Naciri Bennani Hamza, Elimby Lionel, Terrec Florian, Malvezzi Paolo, Noble Johan, Jouve Thomas, Rostaing Lionel
Nephrology, Hemodialysis, Apheresis and Kidney Transplantation Department, Grenoble University Hospital, 38000 Grenoble, France.
Nephrology Department, Grenoble Alpes University, 38000 Grenoble, France.
J Clin Med. 2021 Dec 24;11(1):93. doi: 10.3390/jcm11010093.
Primary focal segmental glomerulosclerosis (FSGS) is associated with a high risk of recurrence after kidney transplantation with a major risk of graft loss despite preventive or curative treatments.
to assess graft survival in FSGS kidney-transplant recipients and to compare those that had a relapse with those that had no relapse.
PATIENTS/METHODS: we included 17 FSGS kidney-transplant recipients between January 2000 and January 2020, separated retrospectively into two groups (recurrences: = 8 patients; no recurrences: = 9 patients). FSGS recurrence was defined as having proteinuria of ≥3 g/g or urinary creatinine of ≥3 g/day. All patients received an induction therapy; maintenance immunosuppressive therapy at post-transplantation relied on tacrolimus/mycophenolate mofetil/steroids. In order to prevent or treat FSGS recurrence, patients received apheresis sessions plus rituximab.
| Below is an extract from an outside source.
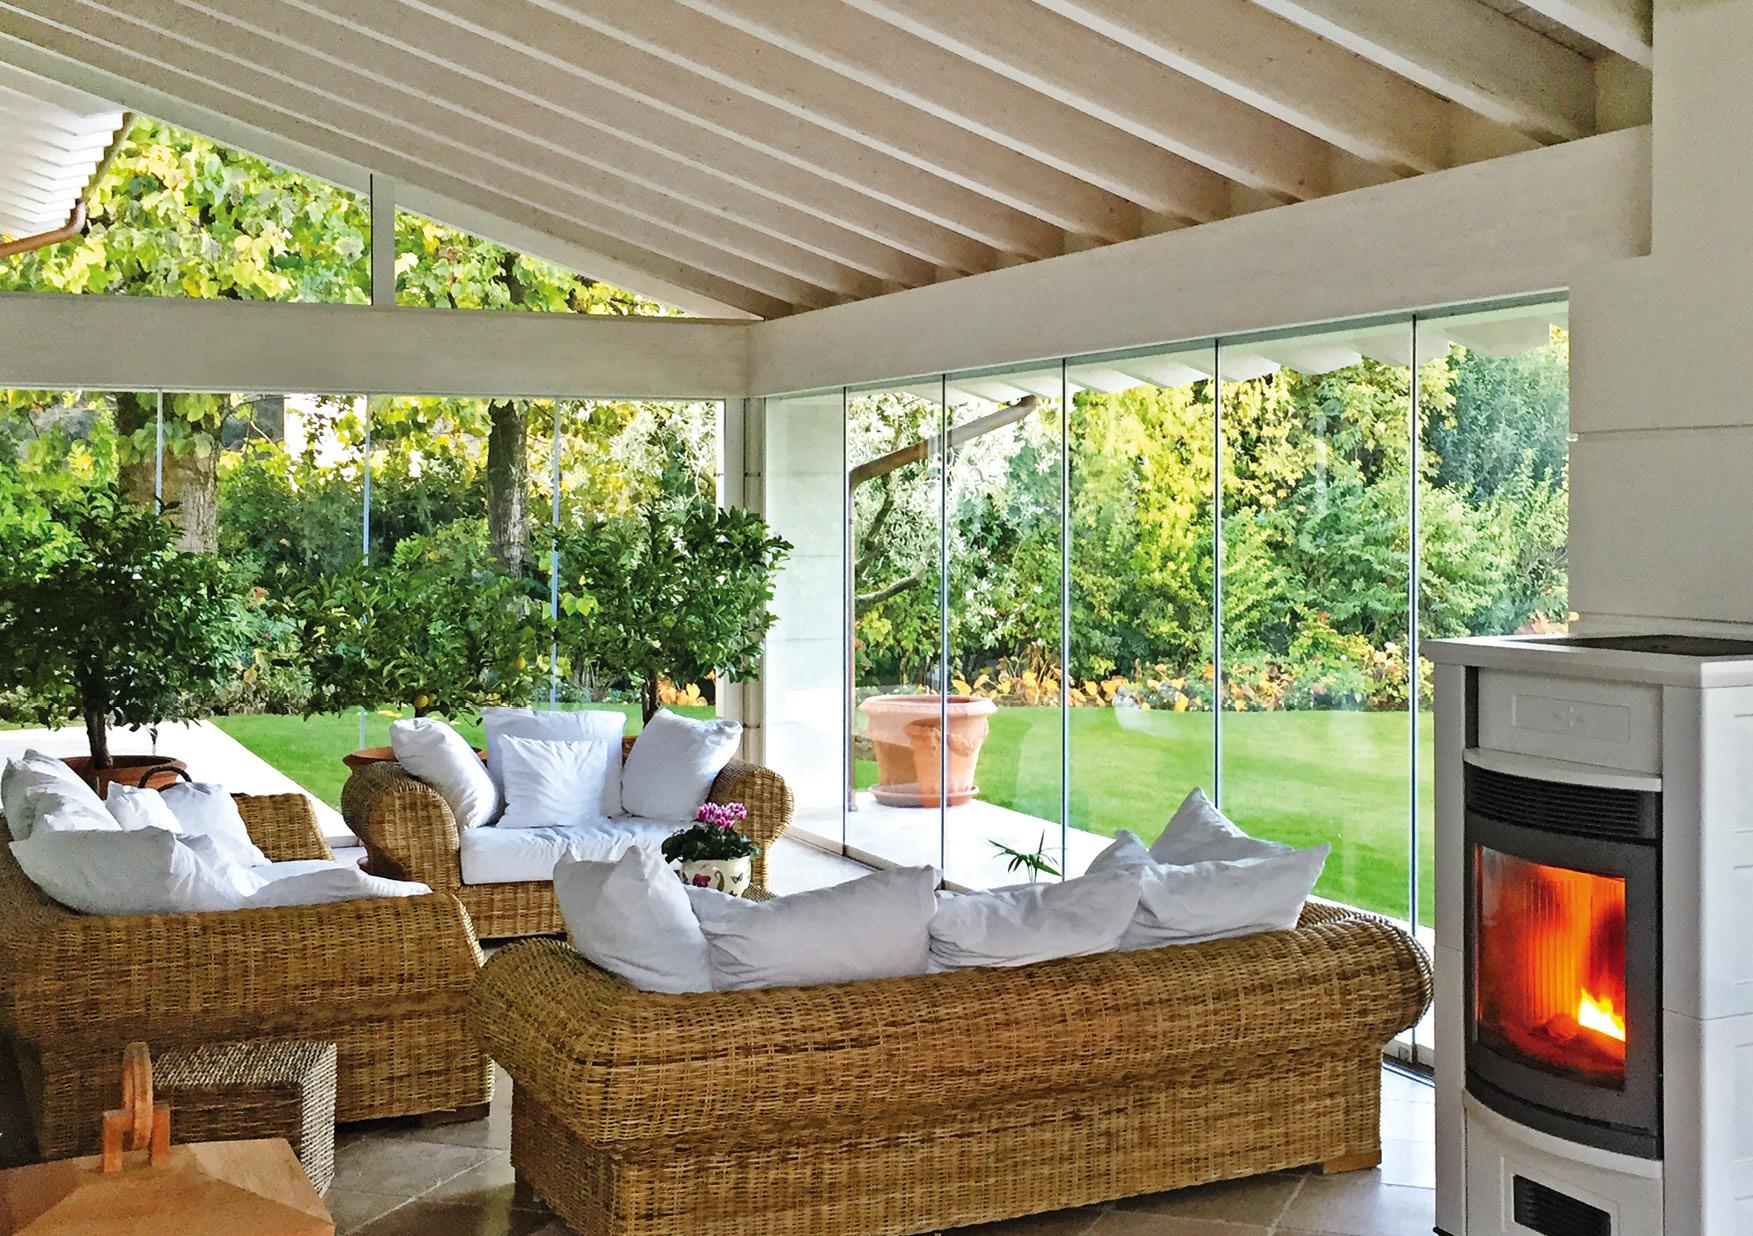 indoor sistema vetro per veranda esterna

FSGS recurrence rate was 47%. All patients that relapsed with a first graft also relapsed with subsequent grafts. Median time to recurrence was 3 (min: 1; max: 4745) days, despite rituximab/apheresis prophylaxis. Mean age was significantly lower in the relapsers (group 1) than in the non-relapsers (group 2); i.e., 47 ± 11 vs. 58 ± 9 years ( = 0.04). Time to progression to stage 5 chronic kidney disease (CKD) and young age at FSGS diagnosis were lower in group 1 compared to group 2; i.e., 5 (min: 1; max: 26) vs. 2 (min: 1; max: 26) years, and 16 (min: 4; max: 55) vs. 34 (min: 6; max 48) years, respectively. There was no difference between the two groups in terms of progression to CKD stage 5 on the native kidneys, averaging 7 years in both groups ( = 0.99). In group 1, seven patients received rituximab/apheresis prophylaxis, although this did not prevent the recurrence of FSGS.
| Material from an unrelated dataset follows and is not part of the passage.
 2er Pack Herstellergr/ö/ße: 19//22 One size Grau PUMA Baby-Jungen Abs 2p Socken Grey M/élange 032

pretransplant prophylaxis with plasmapheresis/rituximab did not appear to reduce the risk of recurrence of primary FSGS on the graft, but could allow remission in the event of recurrence.
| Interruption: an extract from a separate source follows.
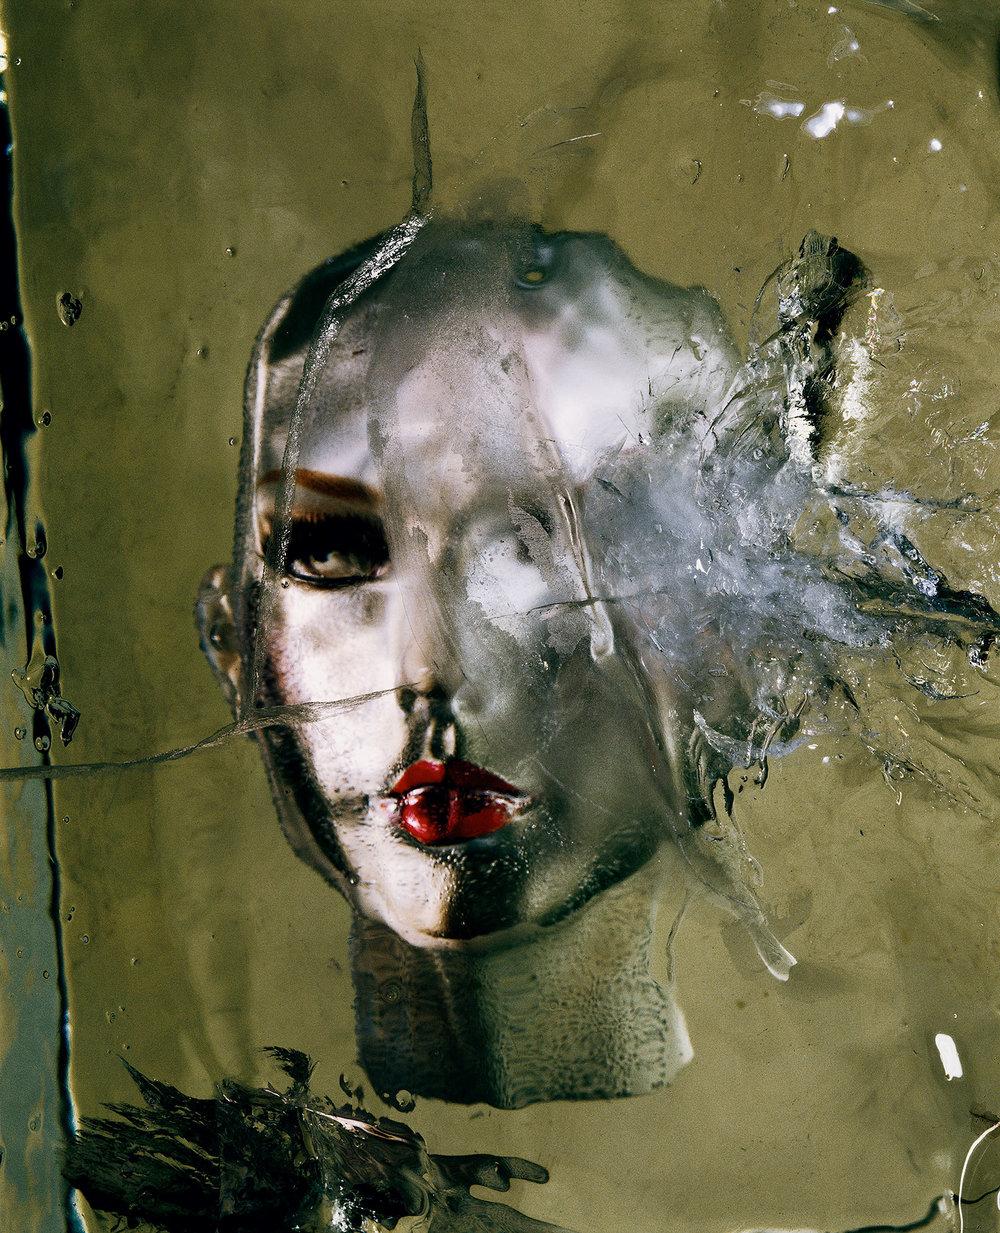 Irving Penn,  Head in Ice  ,  New York, 2002  ©  Condé Nast

原发性局灶节段性肾小球硬化(FSGS)与肾移植后高复发风险相关,尽管有预防性或治疗性措施,但仍有较高的移植肾丢失风险。
评估FSGS肾移植受者的移植肾存活率,并比较复发者和未复发者的情况。
患者/方法:我们纳入了2000年1月至2020年1月期间的17例FSGS肾移植受者,回顾性地分为两组(复发组:8例患者;未复发组:9例患者)。FSGS复发定义为蛋白尿≥3g/g或尿肌酐≥3g/天。所有患者均接受诱导治疗;移植后维持免疫抑制治疗依赖他克莫司/霉酚酸酯/类固醇。为预防或治疗FSGS复发,患者接受了血浆置换联合利妥昔单抗治疗。
FSGS复发率为47%。所有首次移植复发的患者后续移植也复发。尽管采用了利妥昔单抗/血浆置换预防措施,但复发的中位时间为3(最小值:1;最大值:4745)天。复发组(第1组)的平均年龄显著低于未复发组(第2组);即47±11岁对58±9岁(P = 0.04)。与第2组相比,第1组进展至5期慢性肾脏病(CKD)的时间和FSGS诊断时的年轻年龄更低;即分别为5(最小值:1;最大值:26)年对2(最小值:1;最大值:26)年,以及16(最小值:4;最大值:55)岁对34(最小值:6;最大值:48)岁。两组在原发性肾脏进展至CKD 5期方面无差异,两组平均均为7年(P = 0.99)。在第1组中,7例患者接受了利妥昔单抗/血浆置换预防措施,尽管这并未预防FSGS的复发。
移植前采用血浆置换/利妥昔单抗预防似乎并未降低移植肾原发性FSGS的复发风险,但在复发时可能实现缓解。